Pylons Server on glue regularly freezes

Reported by: spascoe Owned by: pjkersha
Priority: blocker Milestone: PROD Final
Component: security Version:
Keywords: Cc: lawrence, spascoe, domlowe

Description

Sometimes logging-in seems to freeze the pylons server.
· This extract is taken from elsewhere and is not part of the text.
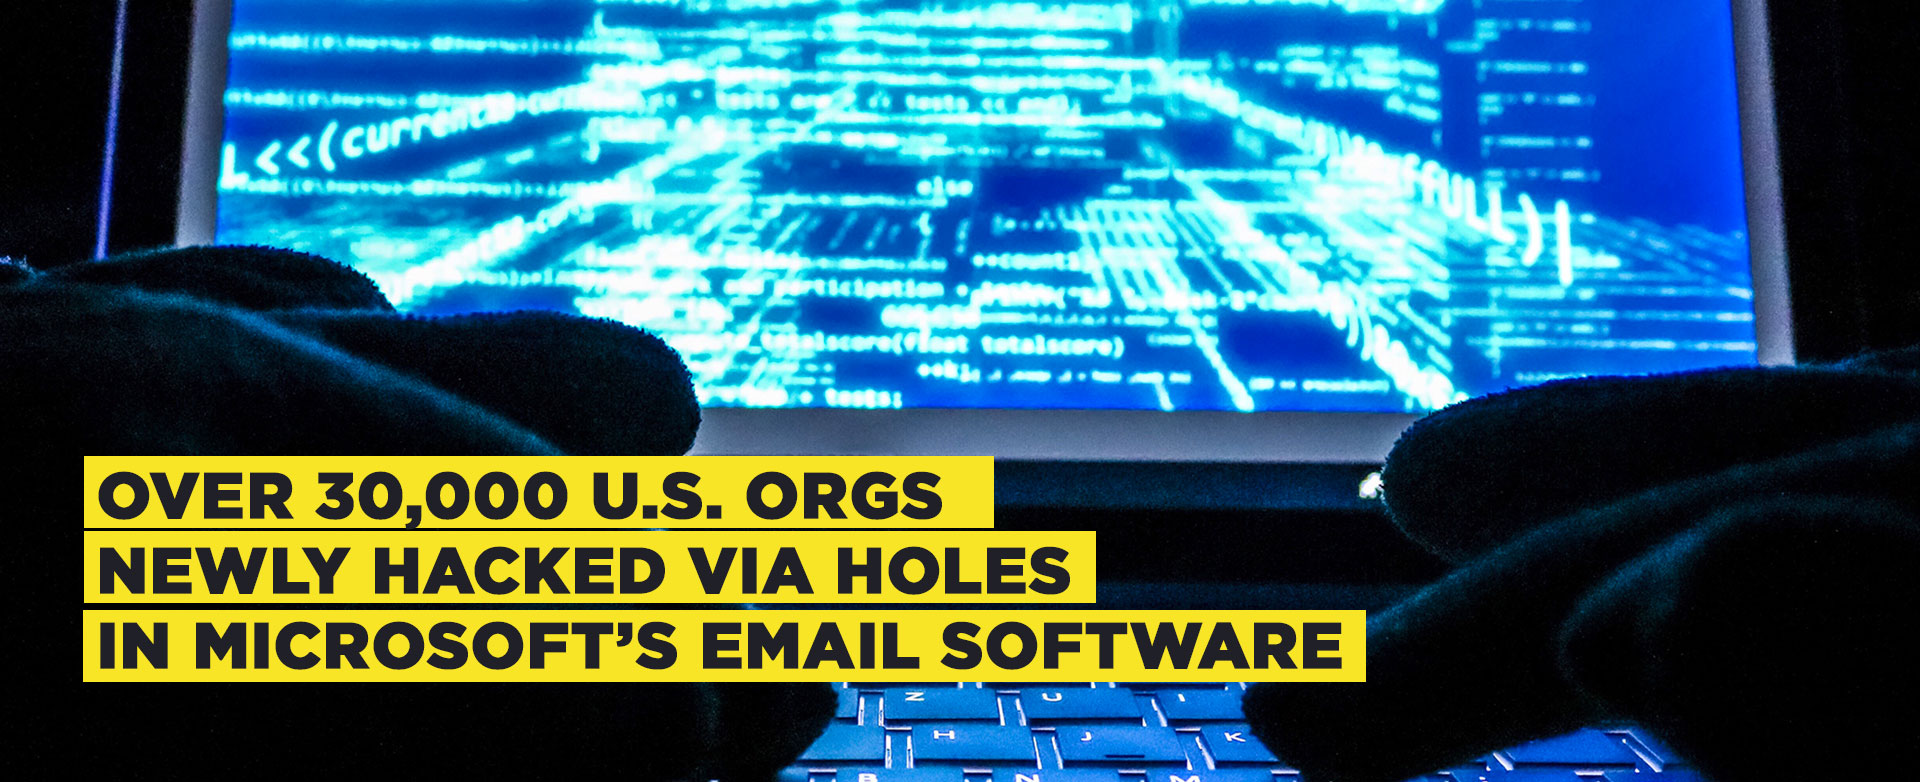 MyPatriotsNetwork-Over 30,000 U.S. Organizations Newly Hacked Via Holes in Microsoft’s Email Software

I can't reproduce the problem reliably but paster.log always ends with routes logging a call to POST /getCredentials:

DEBUG:routes.middleware:Matched POST /getCredentials
Matched POST /getCredentials
DEBUG:routes.middleware:Route path: 'getCredentials', defaults: {'action': u'getCredentials', 'controller': u'login'}
Route path: 'getCredentials', defaults: {'action': u'getCredentials', 'controller': u'login'}
DEBUG:routes.middleware:Match dict: {'action': u'getCredentials', 'controller': u'login'}
Match dict: {'action': u'getCredentials', 'controller': u'login'}
DEBUG:beaker.container:[811b6d5b49d81e1495dab81d8f345ac0] data file /var/www/ndg/data/sessions/container_file/8/81/811b6d5b49d81e1495dab81d8f345ac0.cache

[811b6d5b49d81e1495dab81d8f345ac0] data file /var/www/ndg/data/sessions/container_file/8/81/811b6d5b49d81e1495dab81d8f345ac0.cache

Change History

comment:1 Changed 12 years ago by lawrence

  • Owner changed from lawrence to pjkersha

comment:2 Changed 12 years ago by lawrence

  • Priority changed from critical to blocker

Phil this is making life quite difficult, can you make it a priority to address this!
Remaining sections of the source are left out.